Por otro lado, se han evidenciado diferencias en los síntomas del SCA en mujeres. La presentación en mujeres es con menor dolor torácico, más disnea (sensación de falta de aire) y síntomas de insuficiencia cardíaca; de existir dolor torácico, suele ser atípico y sin irradiación a brazo izquierdo.

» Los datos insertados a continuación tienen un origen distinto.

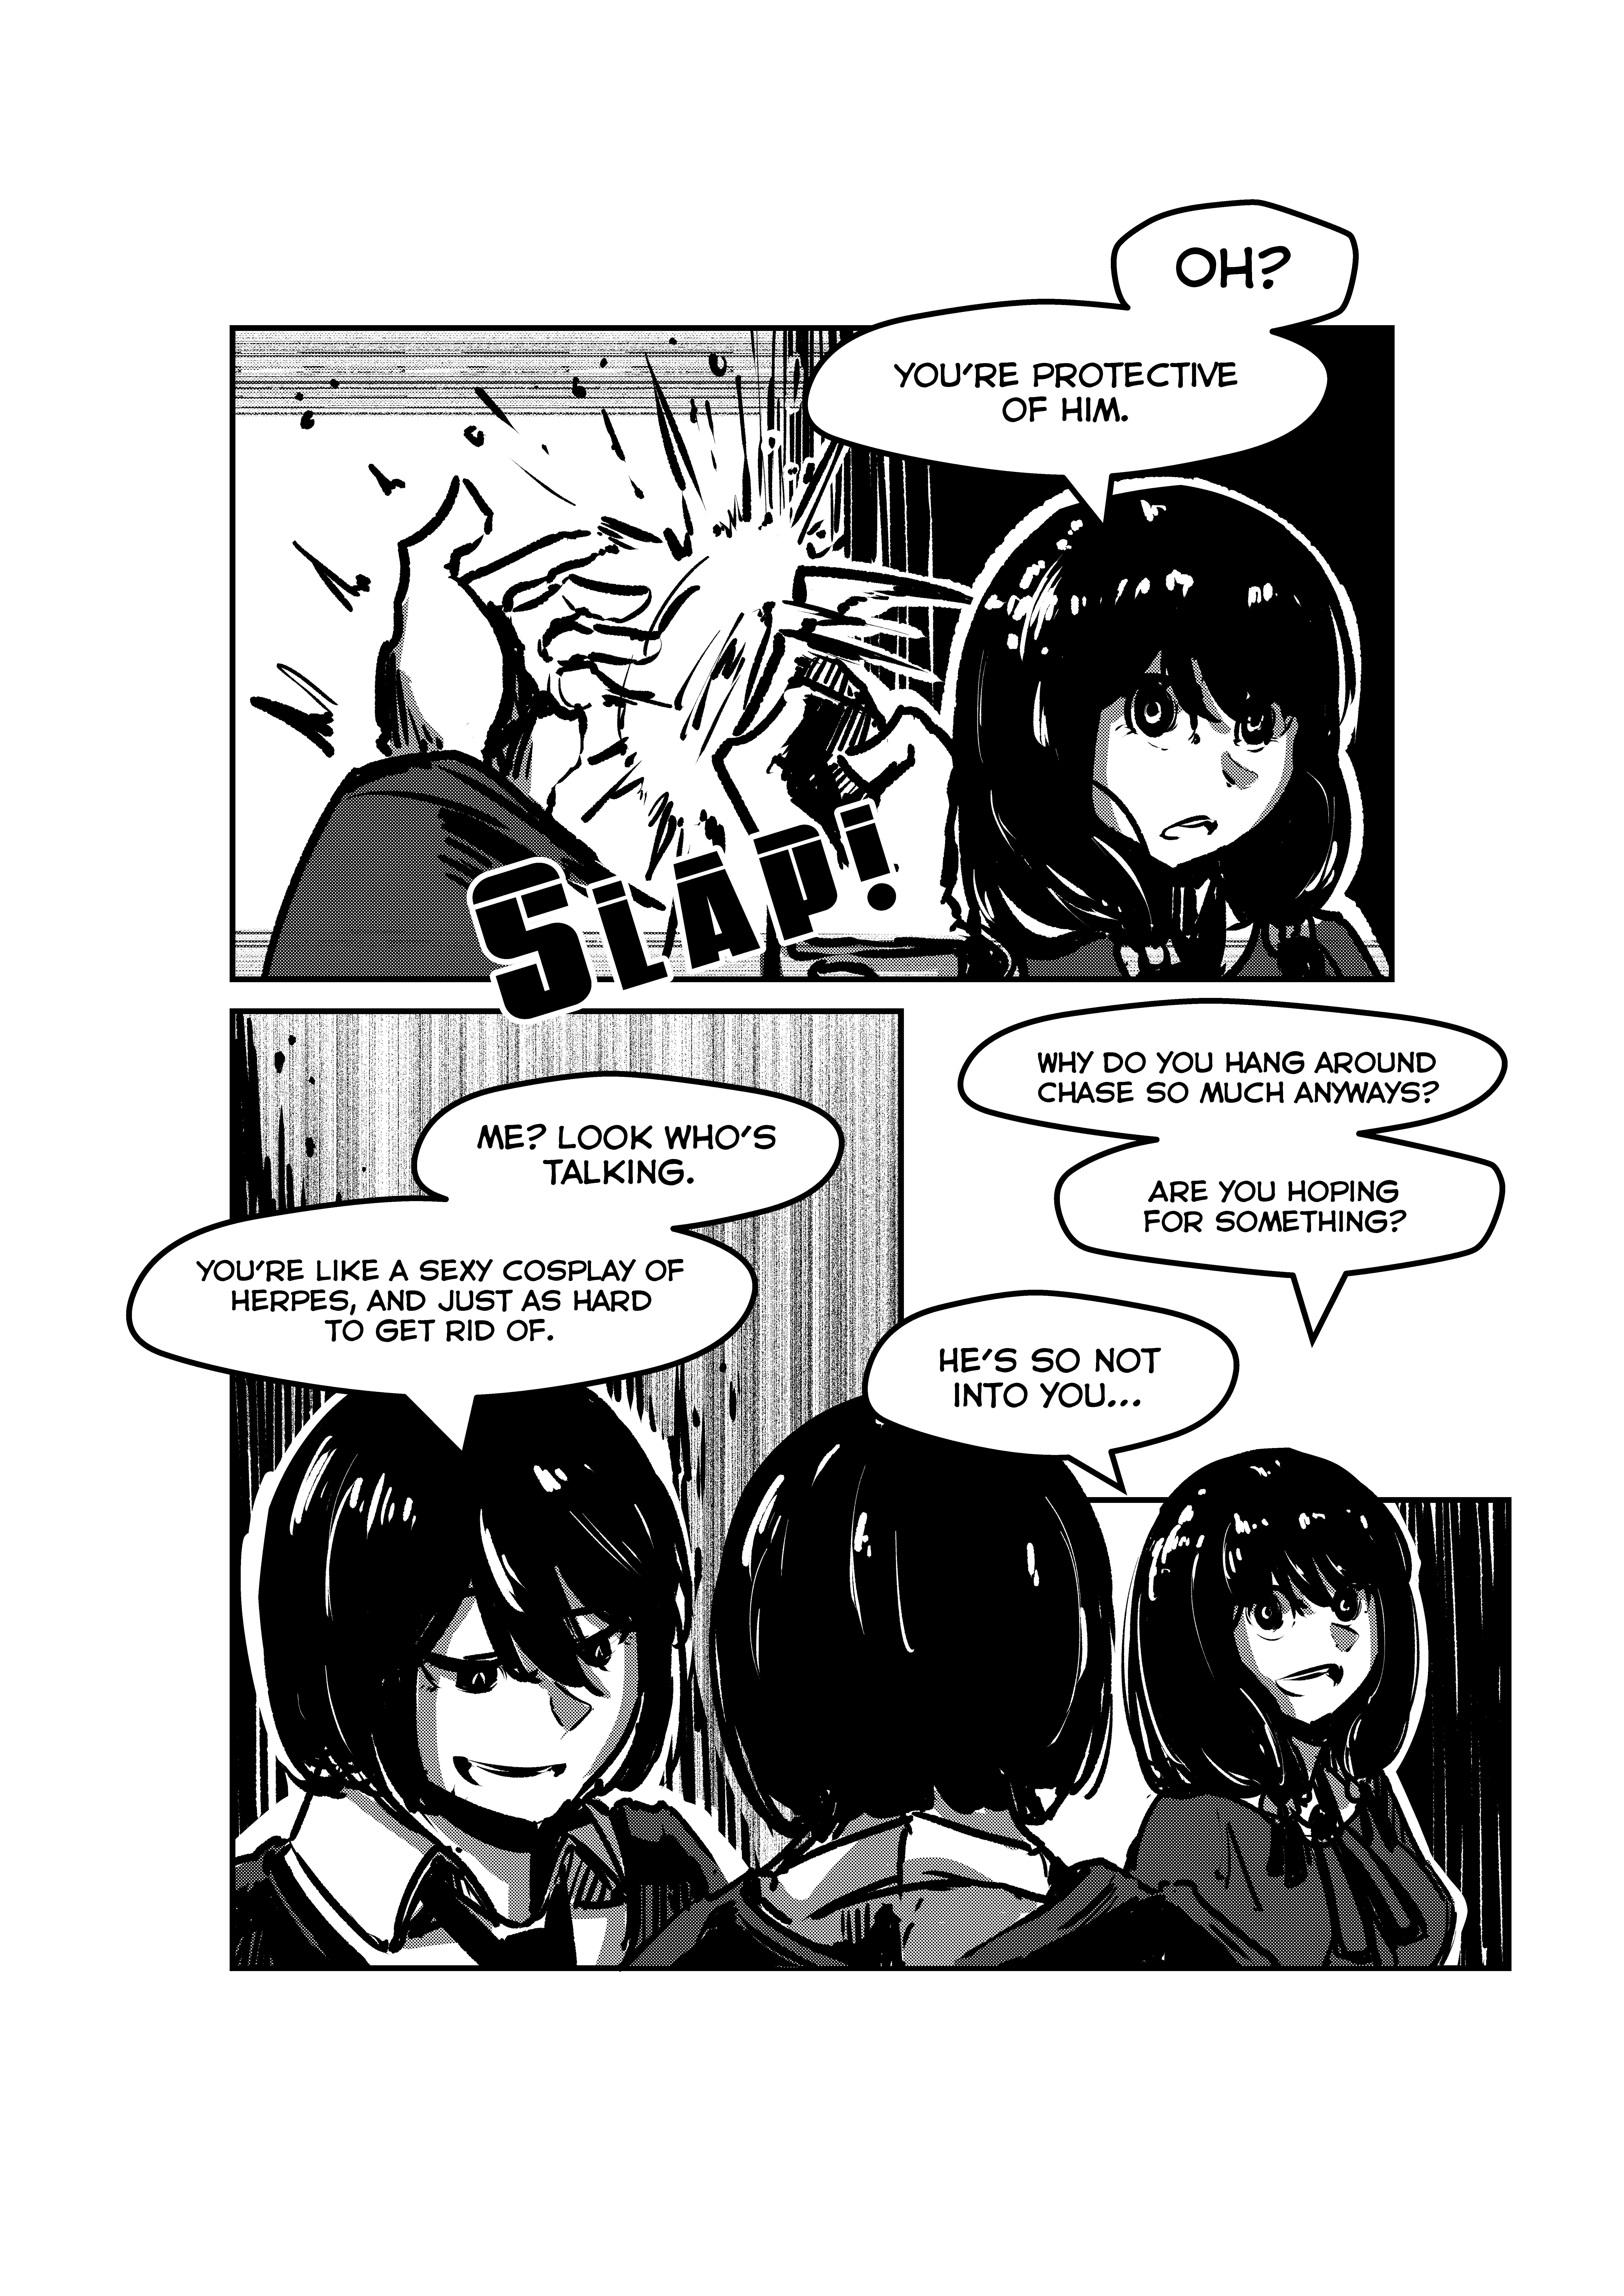 Opposites In Disguise - 11 page 16

Factores de riesgo clásicos de SCA

Los factores de riesgo clásicos son responsables del 90 por ciento del SCA, sobre todo en el infarto de miocardio, y son: el tabaco, diabetes, hipertensión arterial y la dislipemia (colesterol total elevado); a los que hay que añadir la obesidad sobre todo del perímetro abdominal, la inactividad física, predisposición familiar y factores hereditarios, factores psicosociales y ambientales, enfermedades que predisponen a la trombosis y marcadores de inflamación como la proteína C reactiva ultrasensible.  De ahí la importancia de llevar un control estricto de estos factores y el abandono de aquellos modificables, como el tabaco, una prioridad absoluta ineludible por ser el principal factor de riesgo.

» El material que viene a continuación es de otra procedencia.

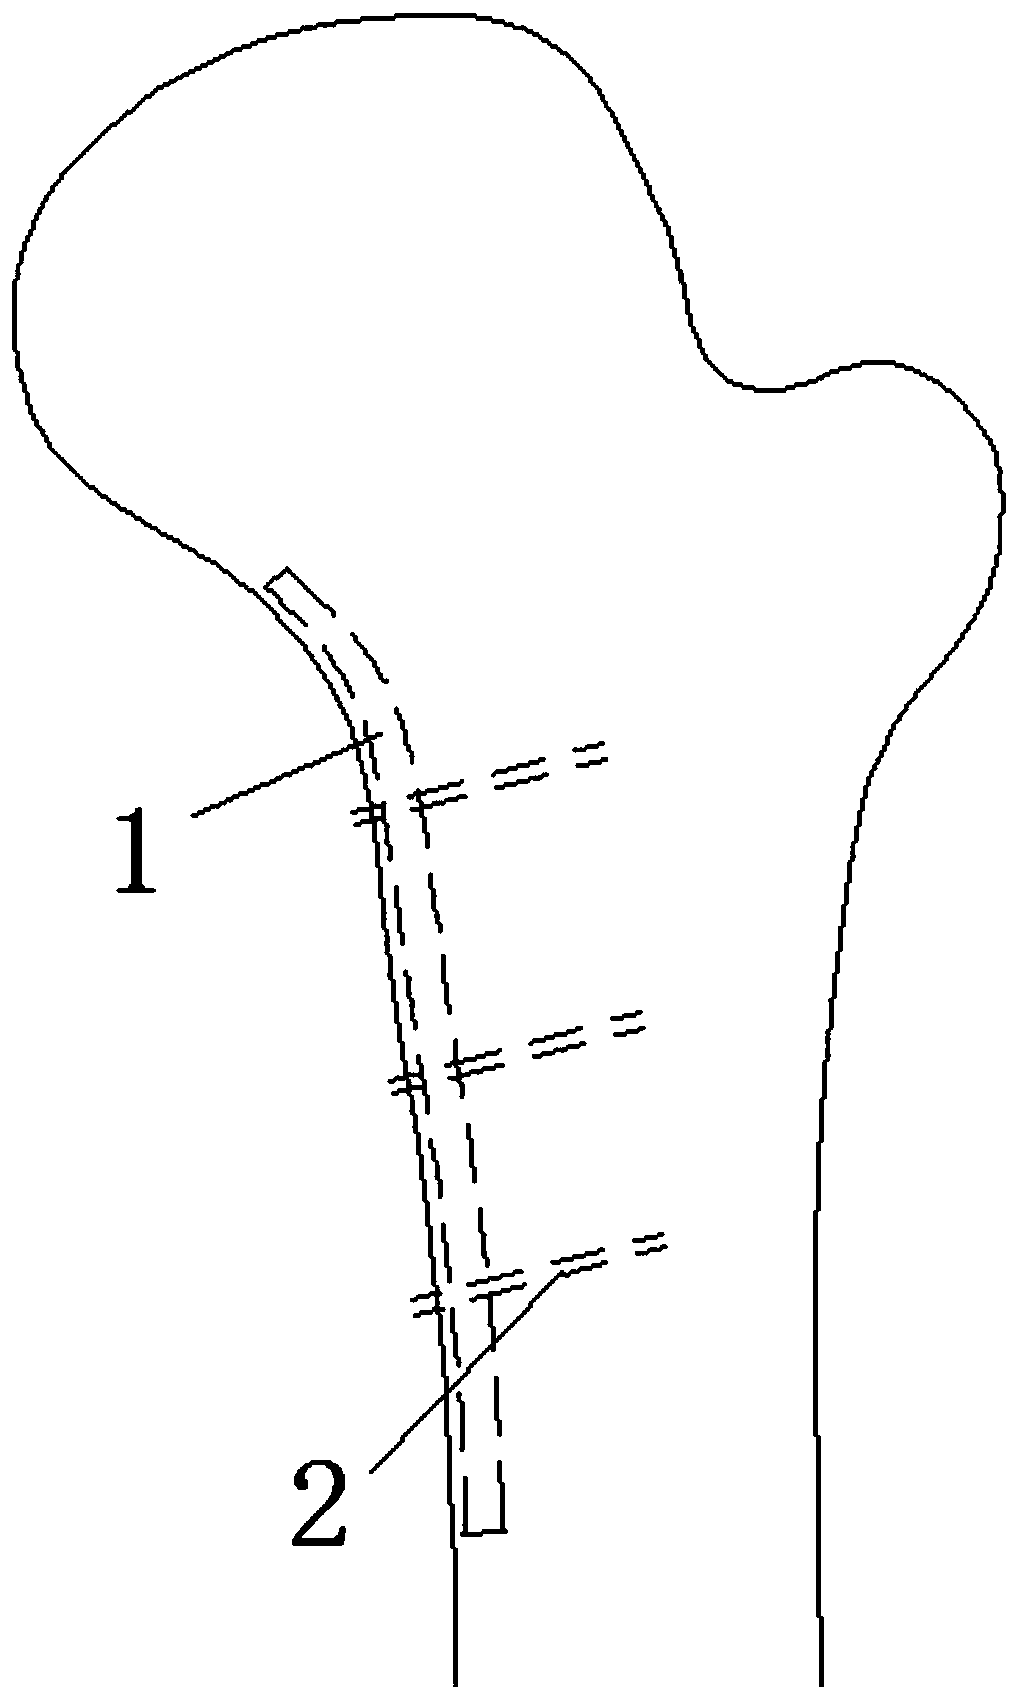 Inside support structure for medullary cavity suitable for strengthening internal fixation for proximal femoral fracture

Los factores de riesgo poseen un efecto multiplicador, reforzando mutuamente su influencia, que es mayor que la simple suma de cada uno de ellos. Por este motivo se deben controlar todos de forma global. “Está demostrado científicamente que modificando el estilo de vida y los factores de riesgo relacionados con las enfermedades cardiovasculares de forma integral, se puede retrasar la aparición de la enfermedad, antes (prevención primera) y después de la presentación de una complicación clínica (prevención secundaria”, afirma Roldán.

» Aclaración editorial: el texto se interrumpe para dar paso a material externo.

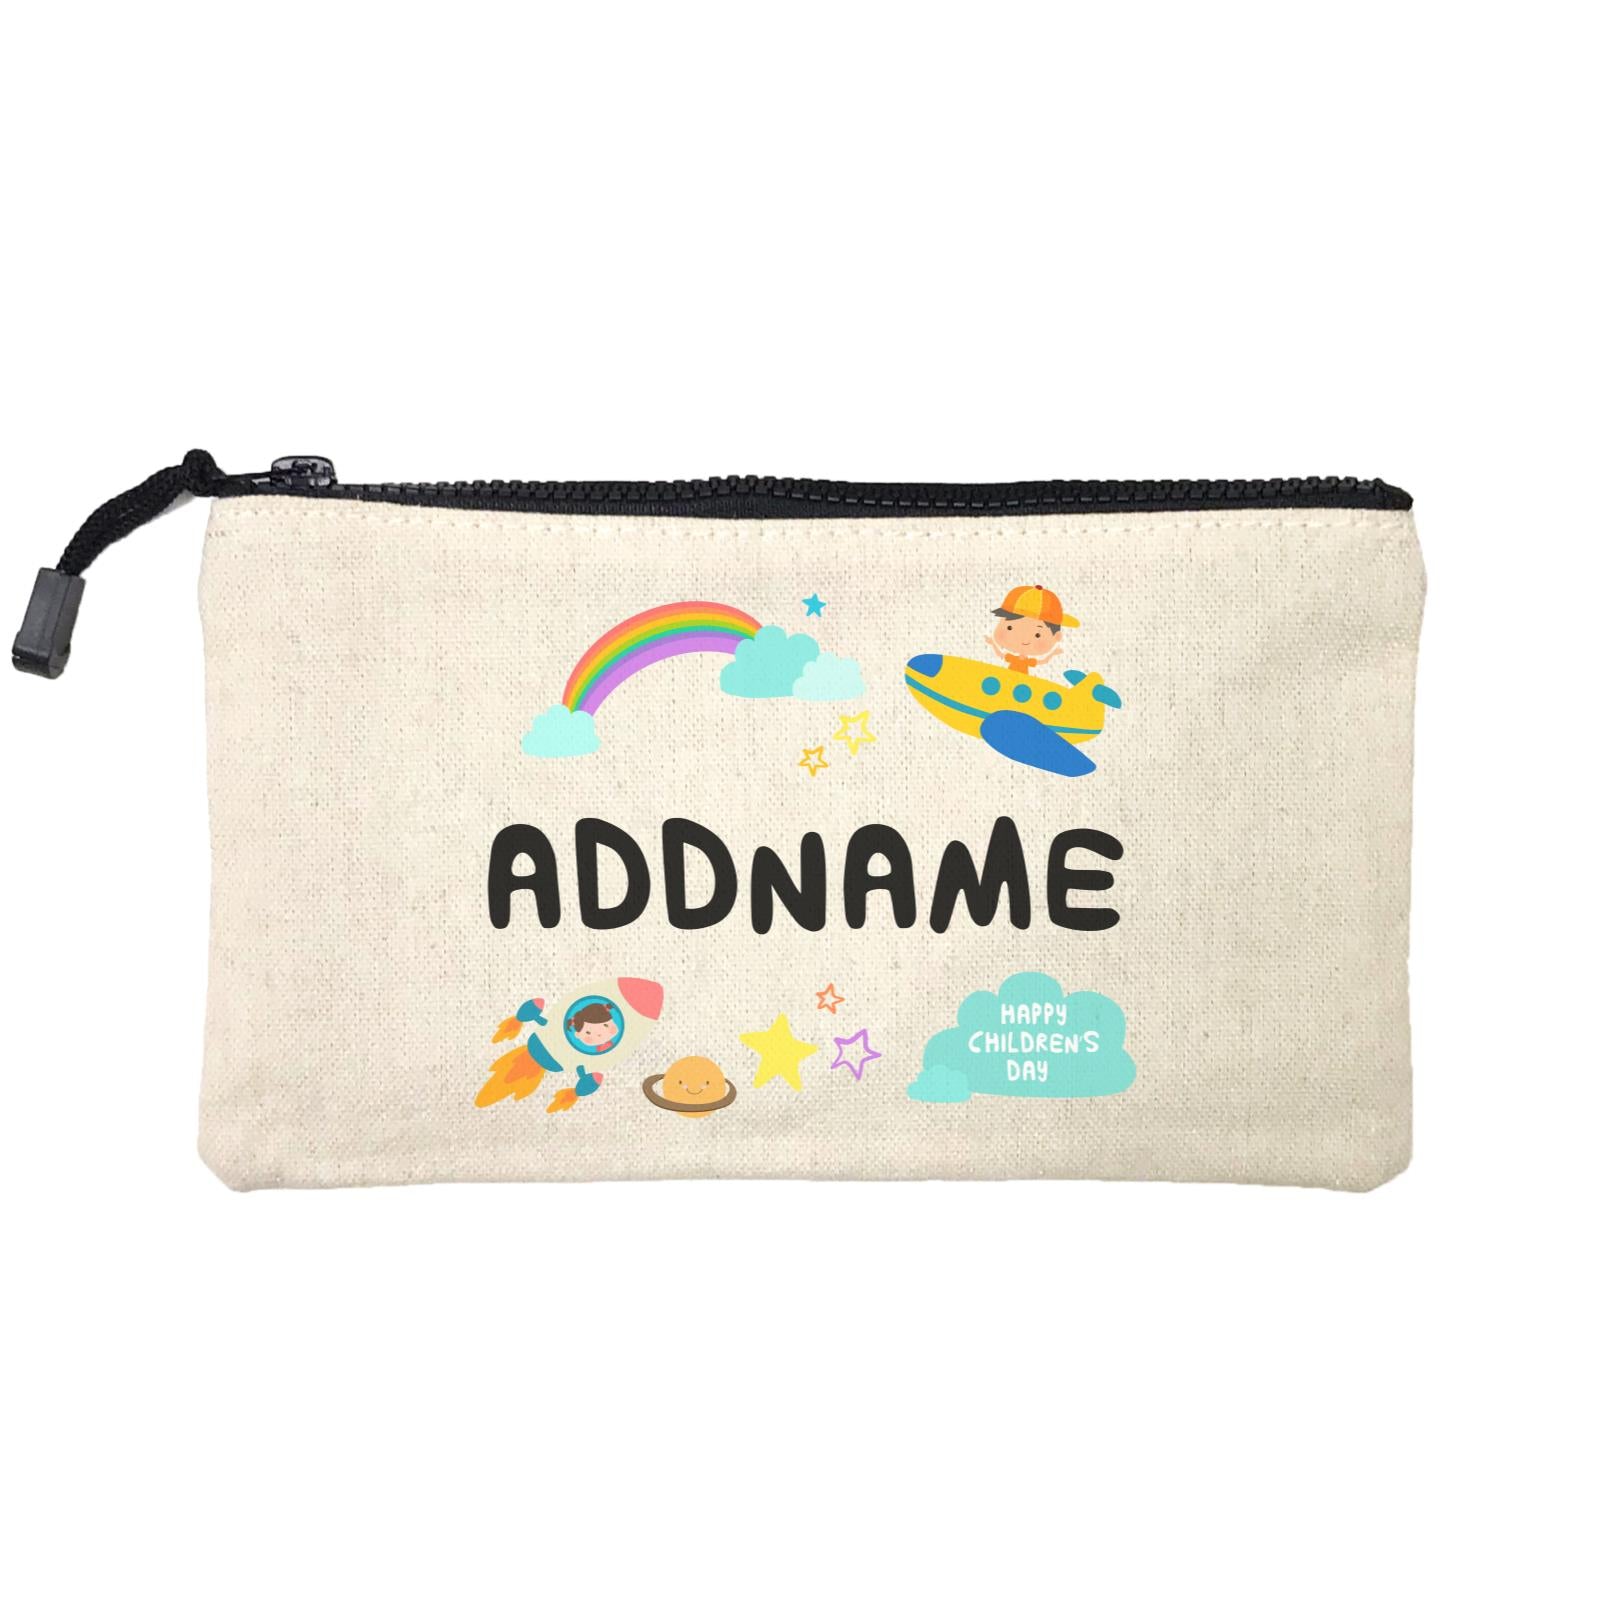 Children's Day Gift Series Adventure Boy Space Rainbow Addname SP Stationery Pouch

De ahí la importancia de las campañas y actividades de concienciación como las que lleva a cabo compañía biofarmacéutica global AstraZeneca, entre las que se incluyen documentales que permiten conocer más sobre las factores de riesgo y el impacto que supone padecer SCA tanto para una paciente como para sus familiares.

Otros factores de riesgo específicos en la mujer

Además de los factores de riesgo clásicos, existen otros factores de riesgo que son particulares en las mujeres. Los estrógenos que produce el cuerpo de la mujer constituyen una barrera protectora frente a enfermedades cardiovasculares. Pero en la menopausia se produce una disminución de estrógenos, perdiendo esa protección e incrementándose el riesgo de sufrir un SCA.

Por otra parte, también se han asociado los tratamientos frente al cáncer de mama con el riesgo de sufrir enfermedades cardiovasculares. Otro factor de riesgo particular en mujeres es la aparición de preclampsia (HTA maligna) en el embarazo, que conlleva doblar el riesgo de SCA en esta población.

Finalmente, hay que destacar que algunos factores de riesgo clásicos tienen un mayor impacto en el sexo femenino, entre otros: las mujeres mayores de 50 años tienen niveles más elevados de colesterol total que los varones de la misma edad; la obesidad es más prevalente en mujeres que en hombres; la diabetes también es más frecuente en mujeres y esta conlleva un riesgo tres veces superior a padecer SCA que las nos diabéticas; la prevalencia de HTA es mayor en mujeres de más de 65 años; el consumo de tabaco en mujeres jóvenes ha aumentado en los últimos años y en este grupo de edad la mortalidad por infarto de miocardio es dos veces superior a los varones.

“Más del 80 por ciento de las mujeres de mediana edad tienen más de un factor de riesgo, en muchas ocasiones no controlados. Por ello, la aparición de un SCA en la mujer es más tardía, aunque una vez padecido, el riesgo es mucho mayor en mujeres que en hombres”, concluye Roldán.